Кроме этой рукописи Олег взял пару моих рассказов, которые тоже не ко двору советской цензуре. Собственноручно подписал псевдонимом «Аркадьев Николай». И я стал ждать. Полгода — Олег молчит. На вопросы уклончиво: «Некогда», «Жду человека», «Пока никак». И так год. А человек он опальный, деятельный и, когда я узнал, что рукописи все это время лежат без движения в шкафу его квартиры, то забрал папку. Пусть лучше хранятся у меня, чем у него, где они в любой момент могут быть изъяты. Примерно через месяц, в конце 1979 года, от него новое предложение — самиздат. «Уже договорился — пойдет». Я не знал тогда, что самиздат публикуется за границей. Думал: десяток-другой машинописных экземпляров. Пользы не больше, чем от моих четырех, а сидеть не за понюх не хотелось. В самиздат я отказался.

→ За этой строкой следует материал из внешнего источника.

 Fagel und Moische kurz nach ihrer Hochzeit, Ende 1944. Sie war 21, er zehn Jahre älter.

И зря. Кто бы мог подумать, что через девять месяцев, когда я о публикации и думать забыл, меня обвинят в распространении?

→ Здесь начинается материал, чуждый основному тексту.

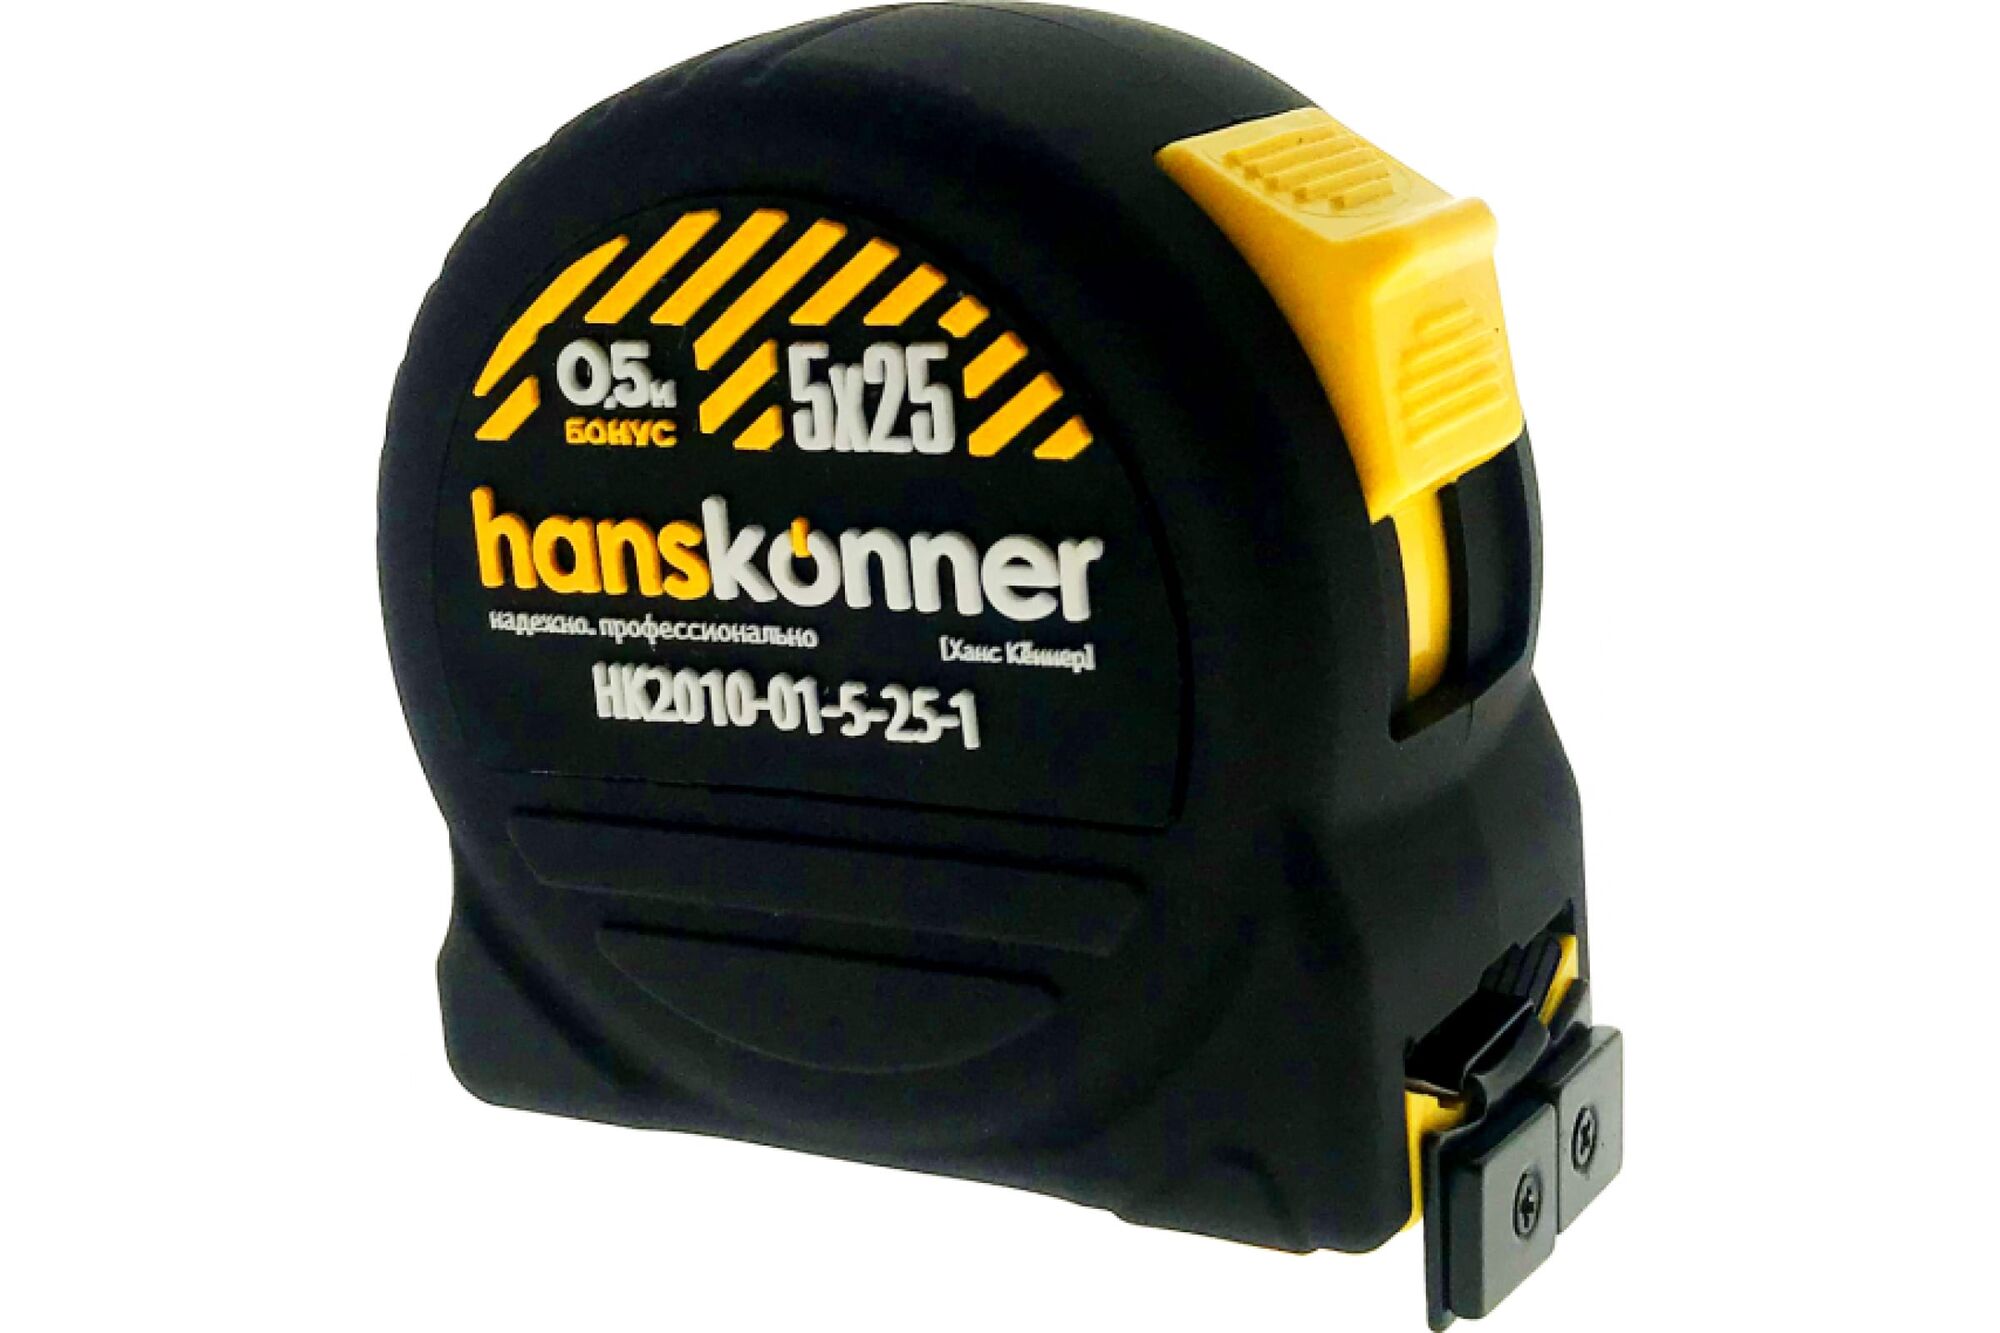 Рулетка Hanskonner 5x25+0,5м HK2010-01-5-25-1

Вошел куда-то отлучавшийся Круглоголовый. Бросил на стол экземпляр: «Злобная клевета». Очевидно, заключение их экспертизы. Но формально меня пока допрашивали как свидетеля, по какому-то неизвестному еще делу, хотя ни одним вопросом следователь его не касался. Я свидетельствовал о себе и своих рукописях. Не считал нужным что-либо говорить о других. А как раз они-то, другие больше всего интересовали следователя Боровика: «Кому давал?» Особенно Олег — все о нем. Вопрос — ответ, из пустого — в порожнее. Долго толкли воду. Надоело до чертиков. Куда делась личина строго-усатого, но спокойного внимания, когда я говорил о себе. Теперь Боровик изводил и меня и себя. Он давно перестал разыгрывать книжных героев Агаты Кристи и Сименона. Трубка его не дымилась. (Обычно он то и дело совал в рот и вынимал трубку, все время казалось, что это какой-то лишний предмет и, выходя, он курит тайком сигареты). Боровик то капризно брюзжал, то так сверкал глазками — вот-вот даст по зубам. И чего он так нервничает? Подавай ему все сразу или он тебя съест. И вдруг лопнул. Обмяк. Глянул на меня как на пустое место. С видом глубокого безразличия следователь собрал бумаги и покинул комнату.

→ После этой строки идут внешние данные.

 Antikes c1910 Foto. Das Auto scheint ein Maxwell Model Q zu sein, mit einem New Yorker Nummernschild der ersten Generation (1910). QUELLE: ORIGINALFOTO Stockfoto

Остались Круглоголовый и рослый парень с пустыми, скучающе-грустными глазами и густой волнистой шевелюрой. Сидели молча и долго. Иногда кто-то из них выходил, чаще Круглоголовый, но другой неотлучно со мной. Клонилось к вечеру. Наверняка они все пообедали, меня не пускают: «С разрешения следователя». Спросить трудно или следователь не разрешает? Молчат. Вдруг в окне Наташа Попова. Гуляет во дворе, понурив голову. Значит, Боровик не обманул; Олег где-то здесь. Как же Крым — вернулись? Вызвали? Не свожу глаз с Наташи, увидит ли она меня? Взгляд скользит иногда в мою сторону, но на окне не останавливается. Решетка, дым, сумрак в комнате — ничего со двора не видно. Мне бы постучать в стекло, да разве позволят. И вот уже нет Наташи. Совсем тоскливо. И чего жду: выйду, не выйду?